D. A major concern with SSO systems is that if any single account is compromised, it maximizes the potential unauthorized access. A primary benefit is that SSO allows users to access multiple systems after logging on once. It decreases the difficulty for users to log on and decreases the administrative workload.

Question 30

What type of access control is subject based?

Discretionary

Non-discretionary

ABAC

Biba

Answer 30

A. A Discretionary Access Control (DAC) model assigns permissions to identities (subjects), making it a subject-based model. Not all non-discretionary models assign permissions to identities, so B is not the best answer. Attribute-based Access Control (ABAC) focuses on attributes of subjects, objects, and/or the environment. Biba is a MAC-based model that uses labels assigned to both subjects and objects to enforce integrity.

Question 31

What is the primary goal of the Bell-LaPadula model?

Enforce separation of duties

Enforce two-factor authentication

Enforce confidentiality

Enforce integrity

Answer 31

C. The Bell-LaPadula model has a primary goal of ensuring confidentiality. The Clark-Wilson and Brewer-Nash access control models help enforce the principle of separation of duties. The Biba model enforces integrity. Access control models do not enforce authentication factors.

Question 32

Which of the following models helps enforce the principle of separation of duties?

Brewer-Nash and Clark-Wilson

Brewer-Nash and Biba

Clark-Wilson and Bell-LaPadula

Biba and Bell-LaPadula

Answer 32

A. Both the Clark-Wilson model and the Brewer-Nash model enforce the principle of separation of duties. The Clark-Wilson model also enforces integrity, and the Brewer-Nash model also helps prevent conflicts of interest. Biba enforces integrity. Bell-LaPadula enforces confidentiality

Question 33

Which of the following statements is true?

An access control matrix is object based and a capability table is object based.

An access control matrix is subject based and a capability table is object based.

An access control matrix is object based and a capability table is subject based.

An access control matrix is subject based and a capability table is subject based.

Answer 33

C. An access control matrix is object based and a capability table is subject based. An access control matrix is a list of objects along with the permissions granted for each object. A capability table is a list of subjects along with the capabilities granted to the subjects.

Question 34

Which of the following will disable an account if an attacker tries to guess the password multiple times?

A password policy

An account lockout policy

A password history

De-provisioning accounts

Answer 34

B. An account lockout policy can disable an account if an attacker (or a user) enters the wrong password too many times. The threshold is often set to three or five, causing an account to be locked out after a user enters the wrong password three or five times, respectively. A password policy ensures that users create strong passwords and regularly change their password. Password history prevents users from reusing the same password. De-provisioning refers to disabling and deleting inactive accounts.

Question 35

Which of the following actions is most appropriate if an employee leaves the company?

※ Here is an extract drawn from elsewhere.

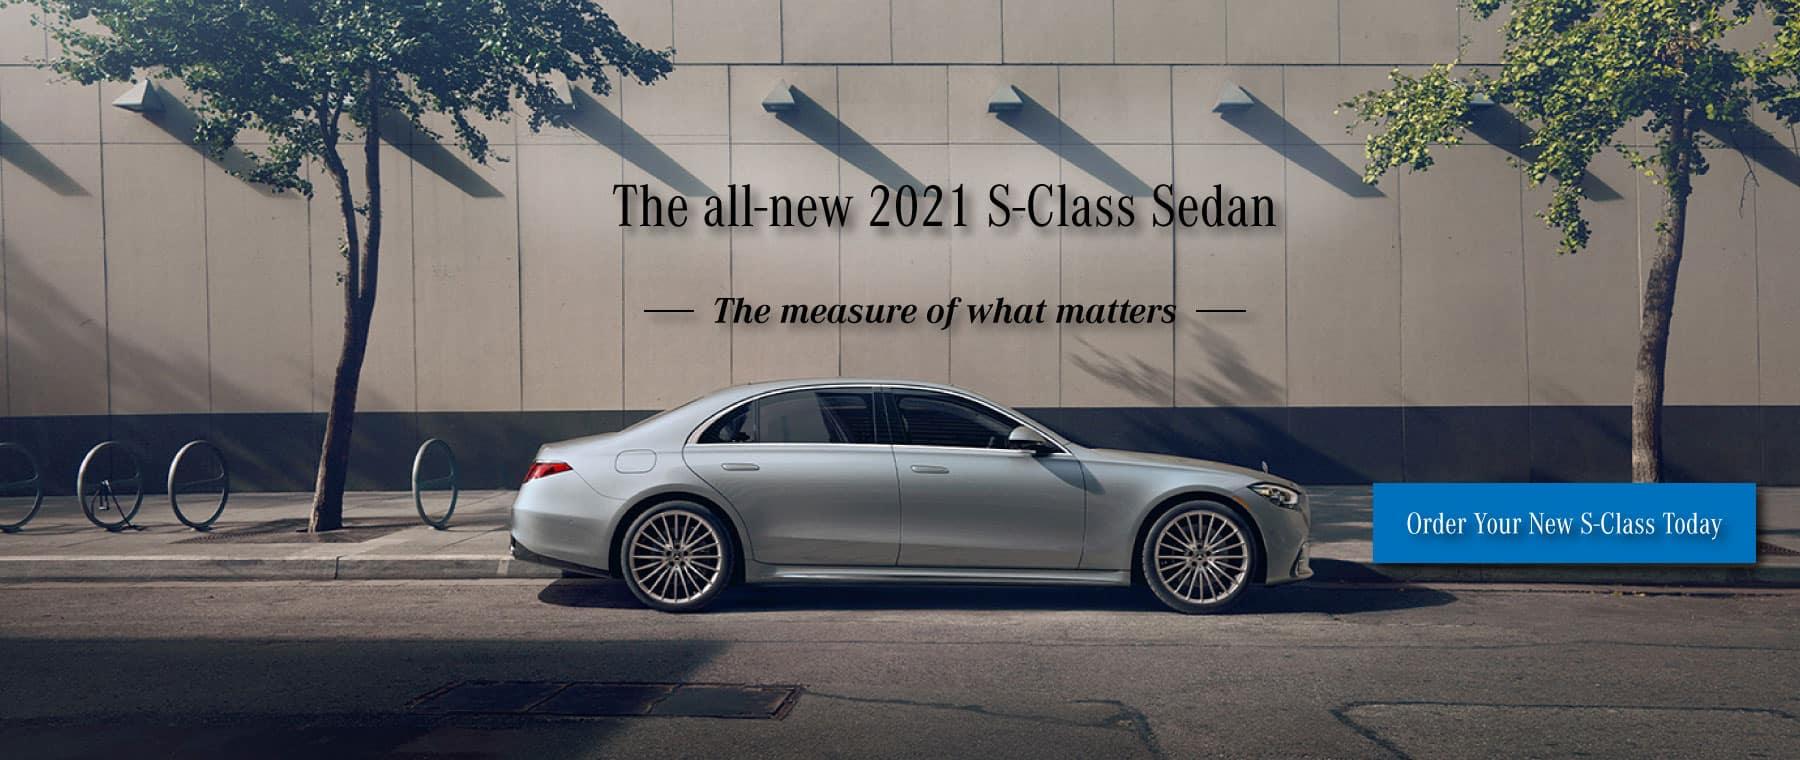 Mercedes-Benz of Fairfield 2021 S-Class Sedan
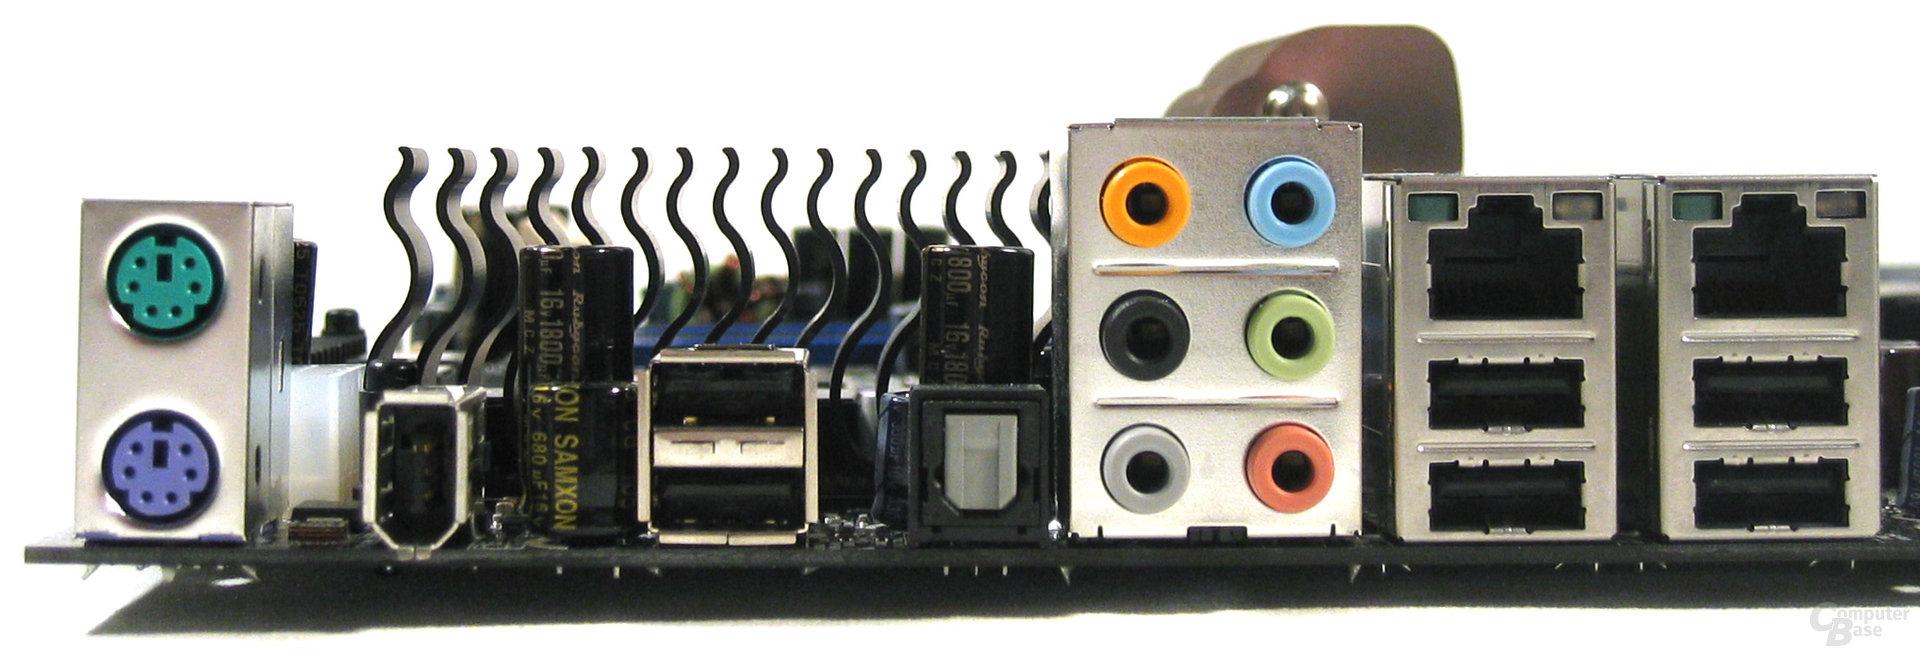 EVGA 680i SLI ATX-Blende

Delete the user’s account as soon as possible.

Disable the user’s account as soon as possible.

Change the user’s password as soon as possible.

Change the user’s permissions as soon as possible.

Answer 35

B. User accounts should be disabled as soon as possible after the user leaves the company under any circumstances. The account should not be deleted until it’s determined to be no longer needed. Changing the password without disabling the account stills allow the account to be used. Disabling the account removes the access and is more direct than changing permissions.